$\mathbb{E}(\xi_i^2)<\infty$,
$\xi_i \in \mathcal{F}_{t_i}$,
$B(t)$is a brownian motion,
how to prove $\xi_i^2 (B(t_{i+1})-B(t_i))^2$ is integrable?
where 0< $t_1$ < $t_2$ <......<$t_{n-1}$ <$t_{n}$ < t ,
my tries: $\mathbb{E}(\xi_i^2 (B(t_{i+1})-B(t_i))^2=\mathbb{E}(\mathbb{E}(\xi_i^2 (B(t_{i+1})-B(t_i))^2|\mathcal{F}_{t_i}))$=$\mathbb{E}(\xi_i^2) (t_{i+1}-t_i)$,
then $\sum_{i=1}^\infty \mathbb{E}(\xi_i^2) (t_{i+1}-t_i)=t\mathbb{E}(\xi_i^2 )$
RHS<$\infty$,
can I say the $\xi_i^2 (B(t_{i+1})-B(t_i))^2$ is integrable? or there is a regular routine to prove the variable is integrable?

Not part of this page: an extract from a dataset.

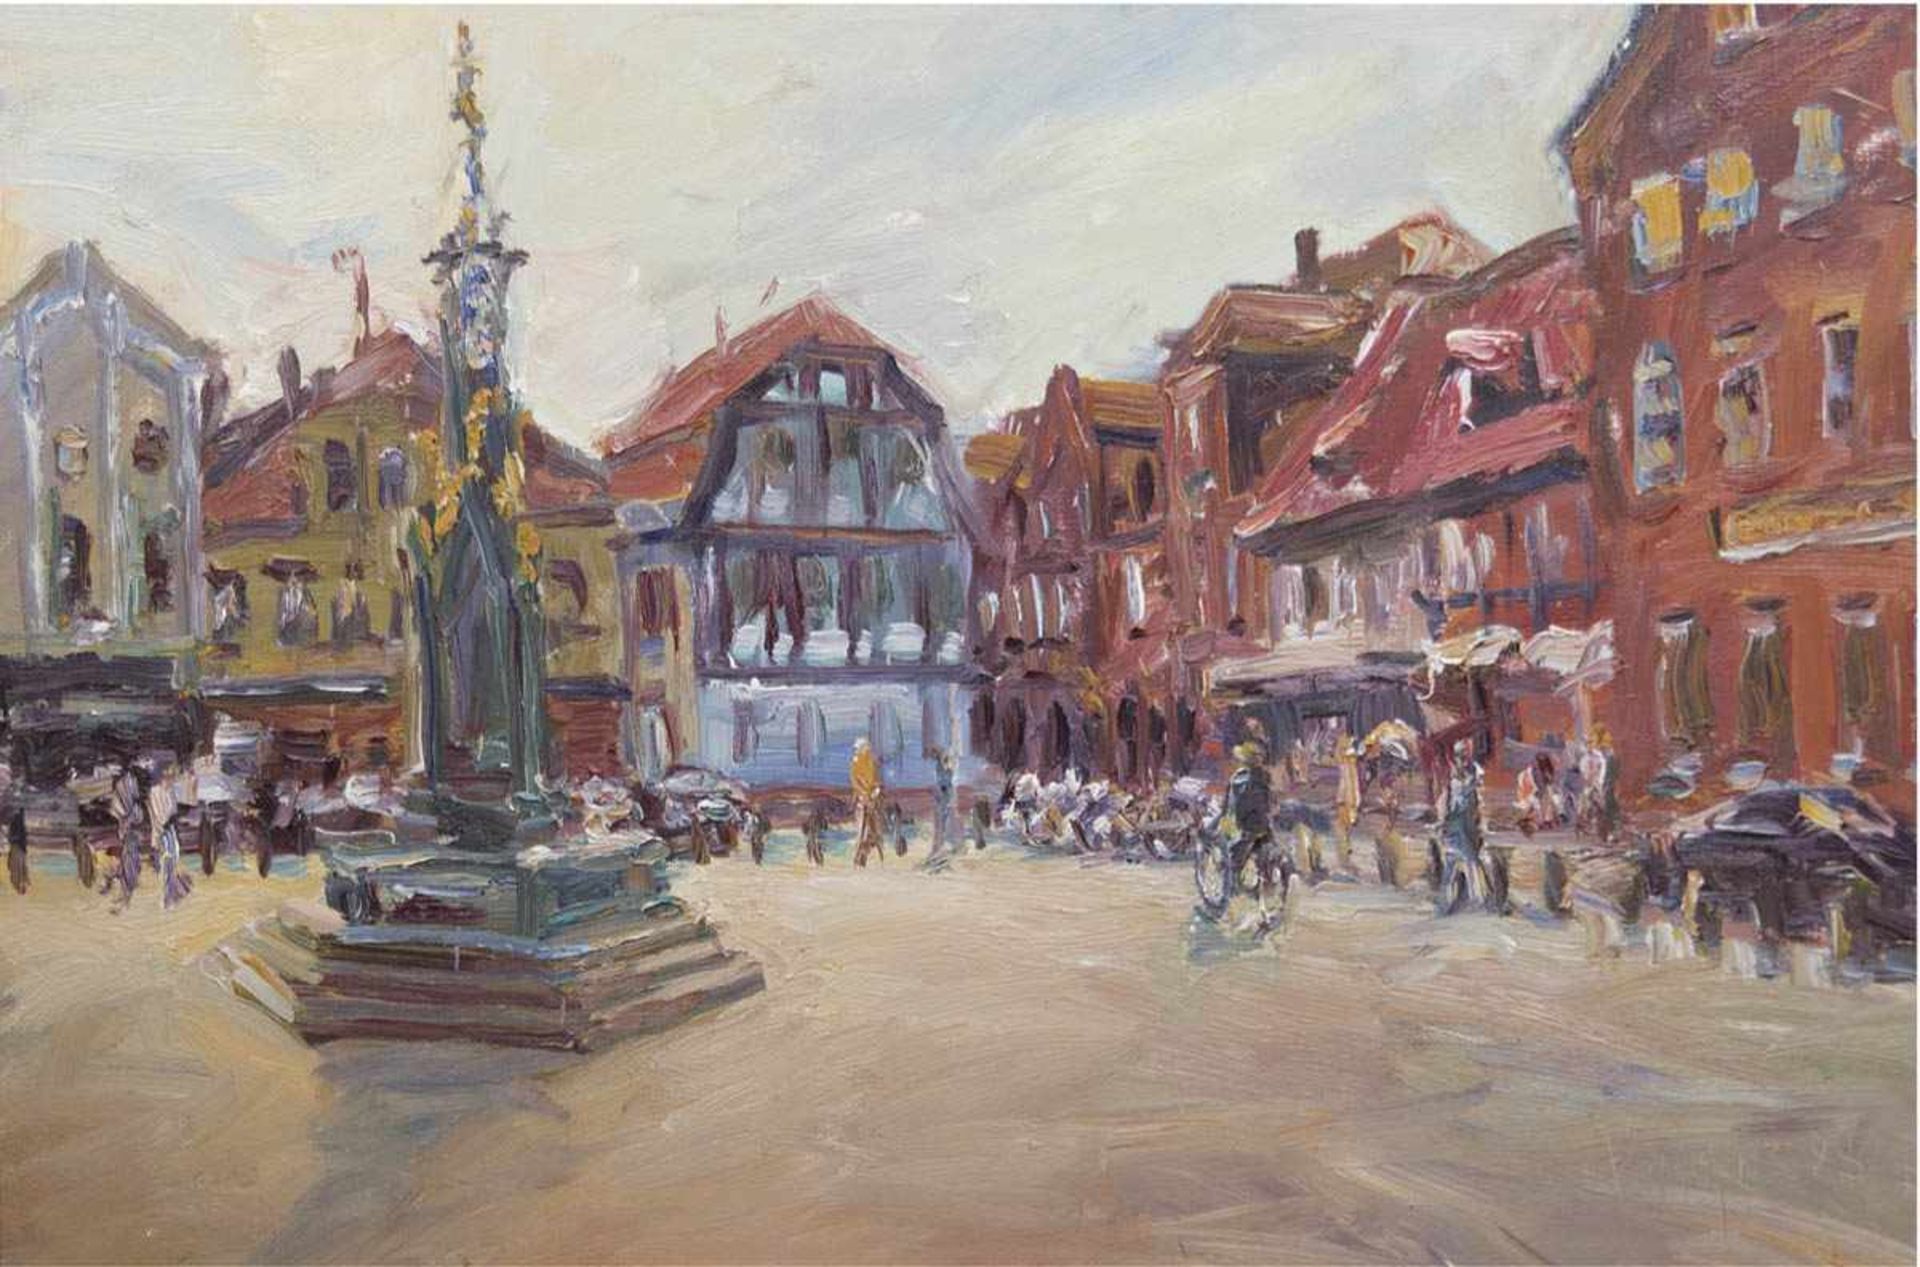 Maler des 20. Jh. "Brunnen auf Marktplatz", Öl/Lw., undeutlich sign. u. dat. '98? u.r.,80x120 cm,

If $X$ and $Y$ are integrable and independent then $XY$ is integrable and $XY=EXEY$. All you need is to observe that $B(t_{i+1})-B(t_i)$ is independent of $\mathcal F_{t_i}$ which makes $\xi_i^{2}$ and $(B(t_{i+1})-B(t_i))^{2}$ independent.